А ведь это Нонне я обязан тем, что начал писать песни. Помню, ублажал по ее просьбе песнями и романсами хозяйку дачи, которая попыталась было возразить против Кэтрин — немецкой овчарки, из-за которой Нонна, собственно говоря, и сломала руку — собачка была не хилая и тянуть поводок умела. Хозяйку мы ублажили, но Нонна, посмотрев на меня патетически, сказала: “Как же так ?! Стихи пишешь, песни поешь, но почему же чужие?! Попробуй!” И я попробовал. Взял старую свою “Балладу о месяченке” и спел. Потом взял стихи Володьки Невельского про Заполярье и тоже спел. Потом — стихи Юрского про Любань… И пошло и поехало. До сих пор ведь остановиться не могу.

Нонна в начале нашего знакомства работала старшим инспектором Управления культуры по академическим театрам. Были в ее ведении Александринка, БДТ и Театр Комедии. В театрах ее любили и за дело — сражалась она с отделом культуры Обкома виртуозно и отчаянно. Я сам был пару раз свидетелем этой корриды. Но, конечно, смотрелась она среди “культурных” чиновников странновато и, в конце-концов, ее съели.

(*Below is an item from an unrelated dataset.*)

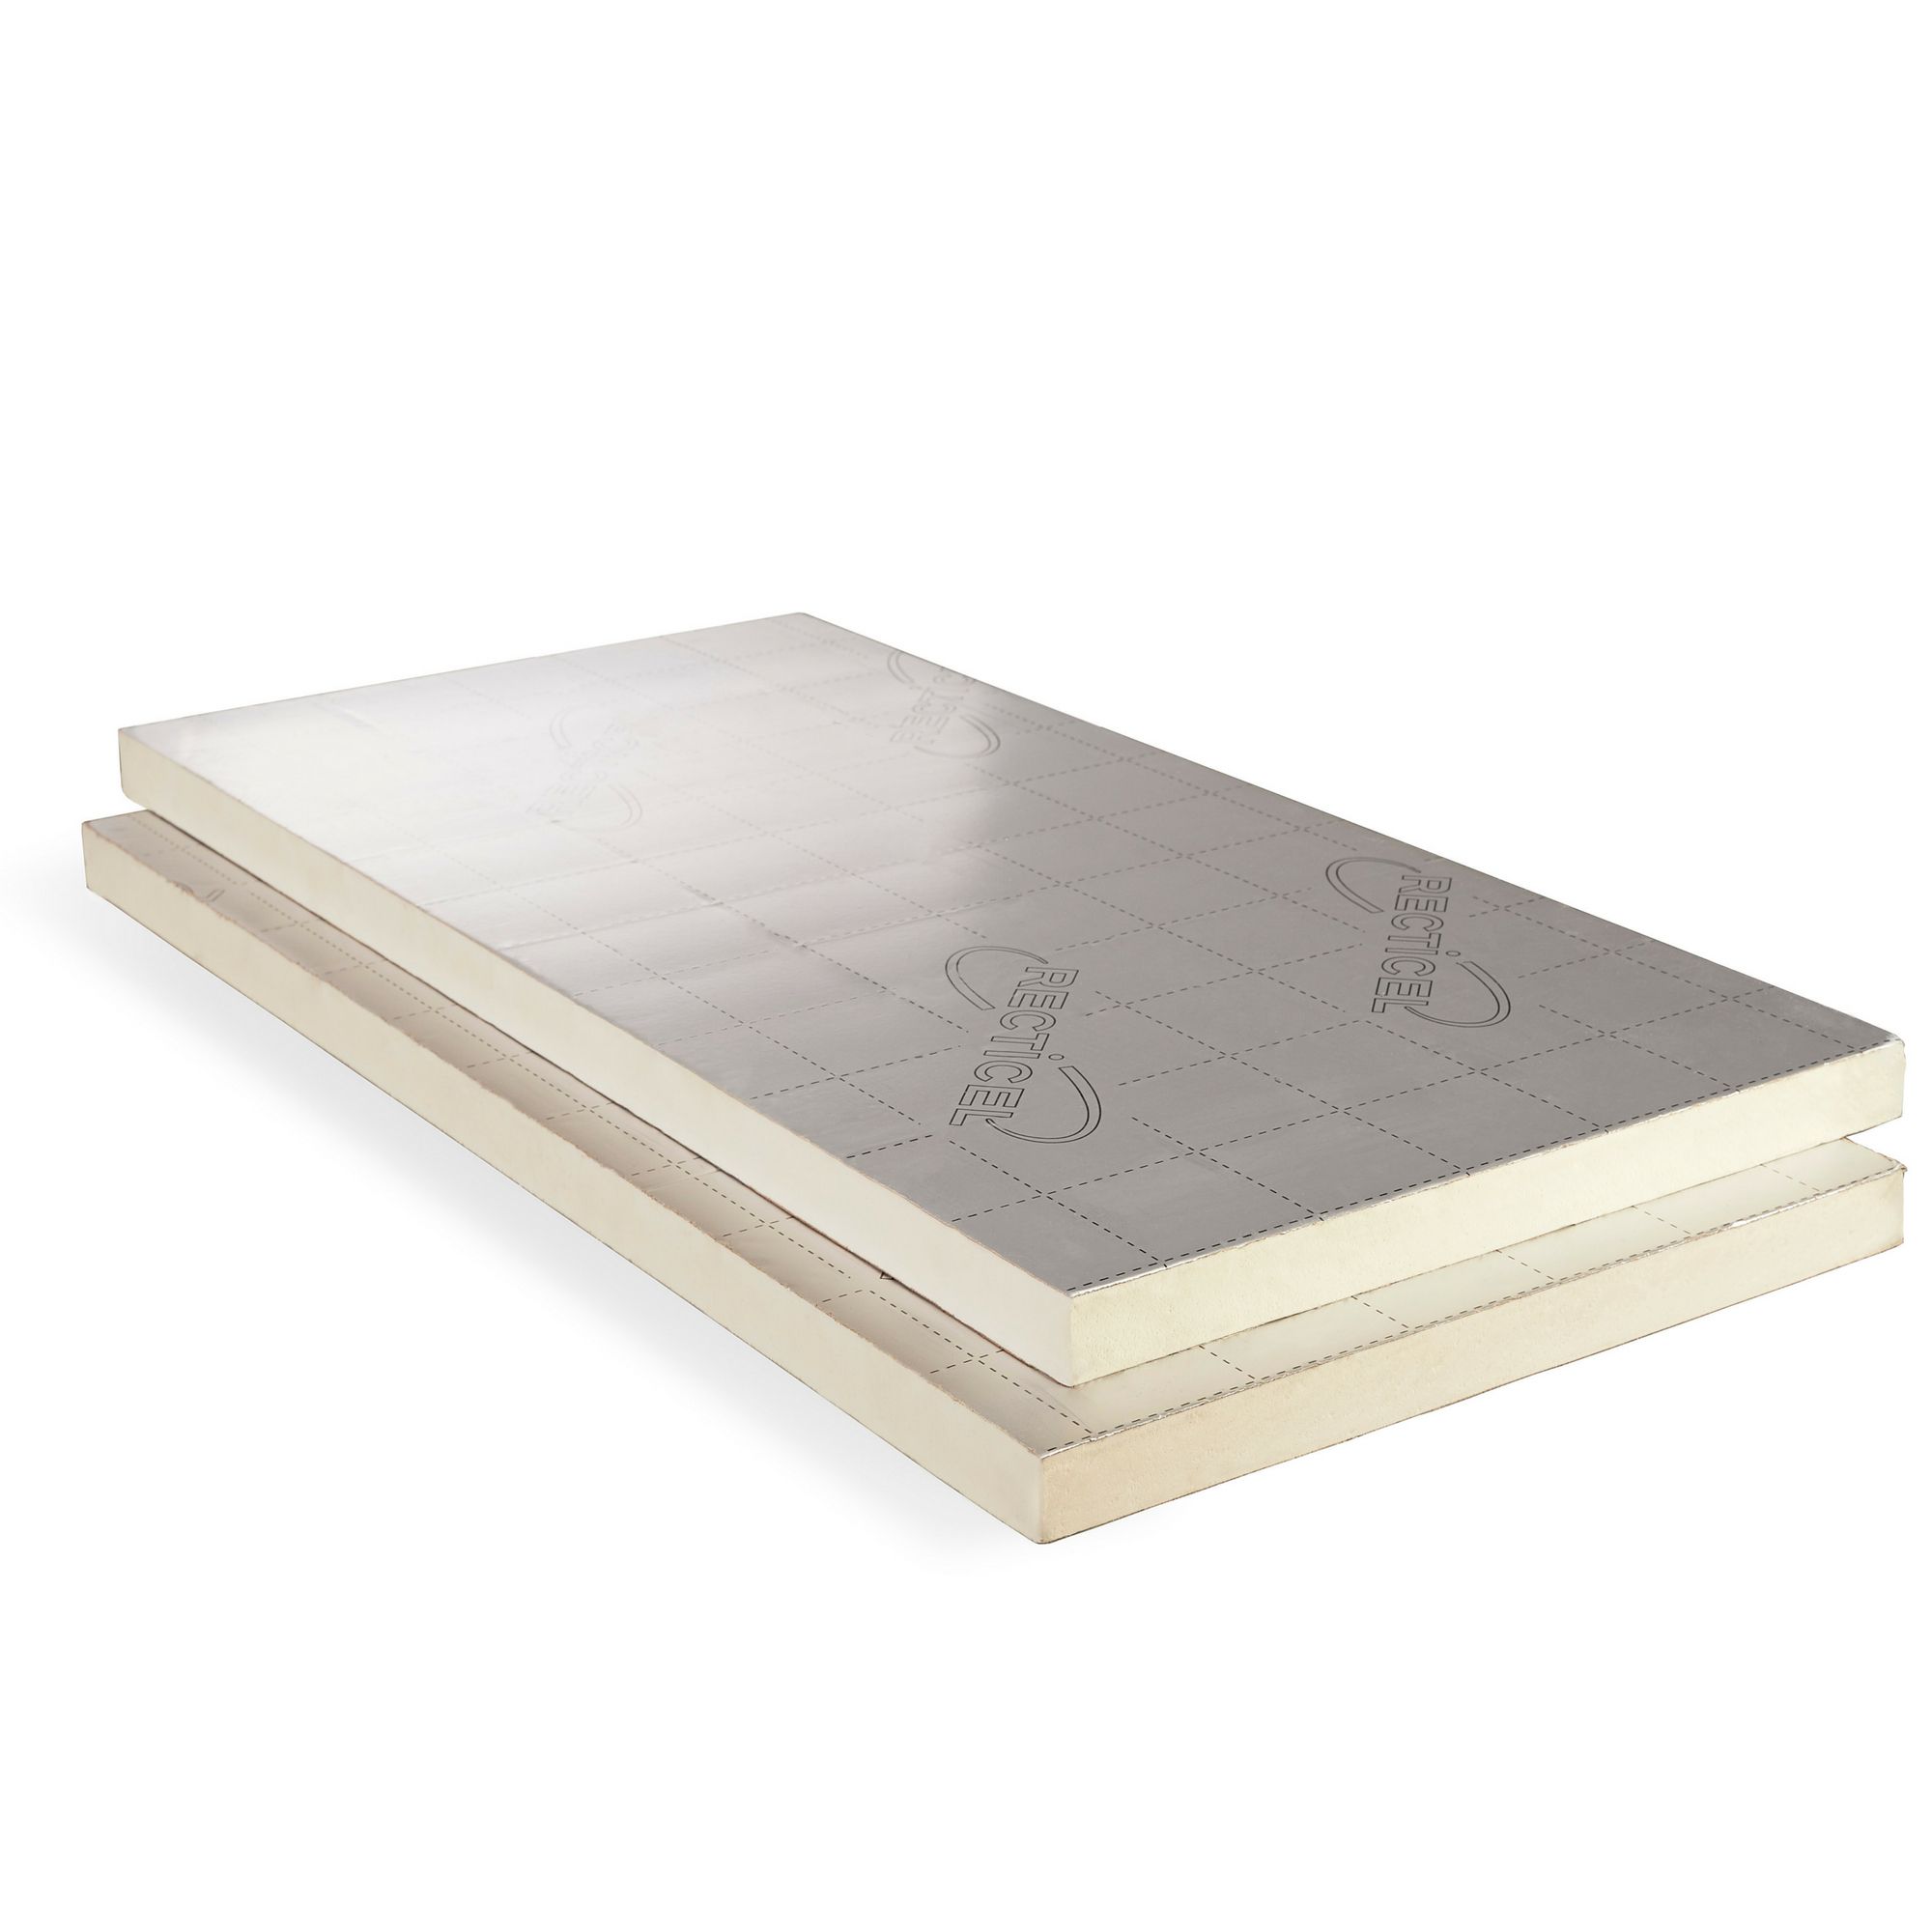 Recticel Instafit Polyurethane Insulation Board L 2 4m W 1 2m T

Тут-то она и пошла работать завлитом в Театр Комедии. И я написал там свои первые театральные песни. Хорошее было время! Грешен — люблю в театре все — и запах кулис, и темноту зала днем, и репетиции. Хлебом не корми — дай просто потолкаться в этом святом месте. И чего это я в актеры не пошел? Или хоть в гардеробщики?

 

Отступление второе

Не торопись, остынь, не спеши. Ведь скороговорка здесь ни к чему. Вспомнил человека — подумай о нем, поживи с этой мыслью. Спешить тебе совершенно некуда — все равно слишком скоро настанет время прощания с этой книгой. И острая боль и неудовлетворенность, от того, что хотел сказать одно, а получилось совсем пятое или шестое. Помнишь, как стоя у окна в нонниной квартире и отвечая что-то на вопрос Виктора Николаевича, посмотрел вдруг напротив, на мансарды домов Петроградской стороны и впервые заболел этим жемчужным цветом неба, которое потом переходило из песни в песню? И острой болью кольнуло предчувствие разлуки со всем этим любимым, в чем-то единственным и неповторимым миром.

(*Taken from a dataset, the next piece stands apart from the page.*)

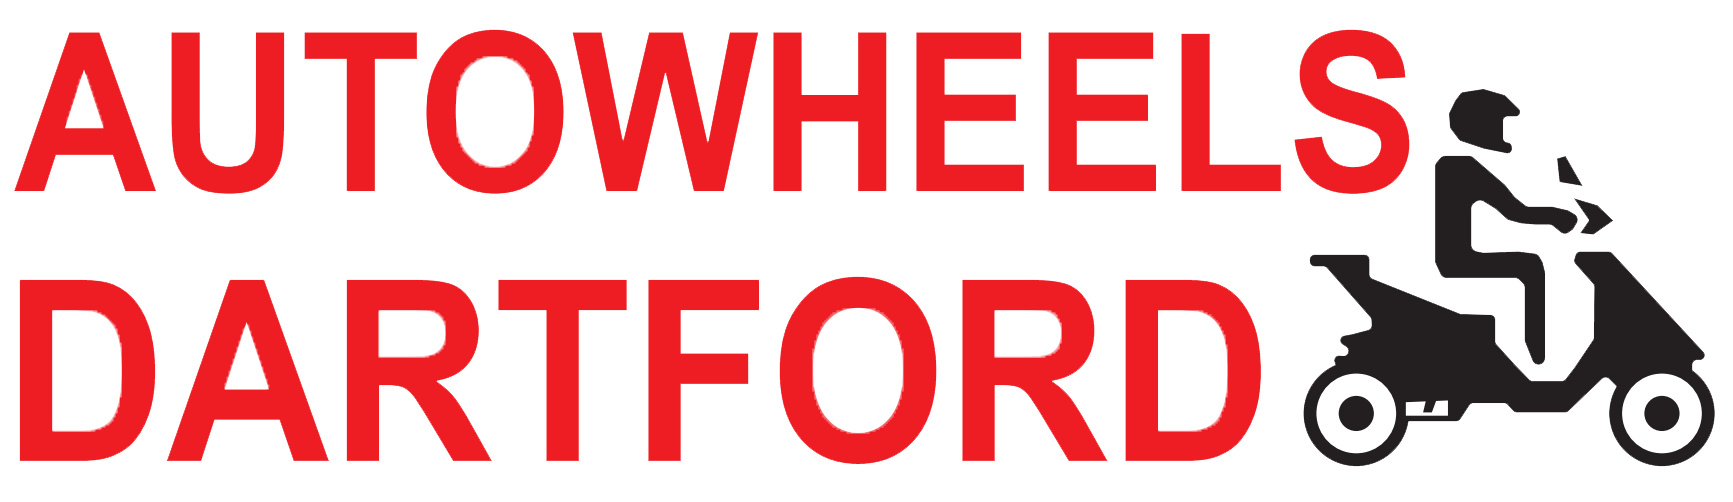 Auto wheels

Не торопись, вспомни, из таких ведь мгновений ты и состоишь! А остальное висит на тебе балластом, отягощает, разрушает душу! Вон Кушнер вообще считает, что душа с нами и не живет постоянно, а прилетает в особо ценные мгновенья. Сколько их наберется за всю жизнь? Ну уж, наверное, не год — едва ли месяц какой-нибудь наберется! Ну и что? Сколько есть, все мое! И все же, прилетай почаще, хорошая моя — здесь тебе всегда рады.

Продолжение главы

Ну, что же, пошли дальше ? Мимо Наташкиной квартиры на углу Невского и Садовой, мимо... А почему мимо? Ничего подобного. Занятная квартирка, и как о ней не сказать? Ведь много ли осталось у тебя в Питере мест, где живут друзья я? А ведь Наташу я знаю почти столько же лет, сколько Нонну и ее семейство. Даже на операцию свою единственную я отсюда уехал. Вырастил себе за городом, в Дружной Горке флегмонозный аппендицит и как настоящий врач все прохлопал. Но жив ведь остался?!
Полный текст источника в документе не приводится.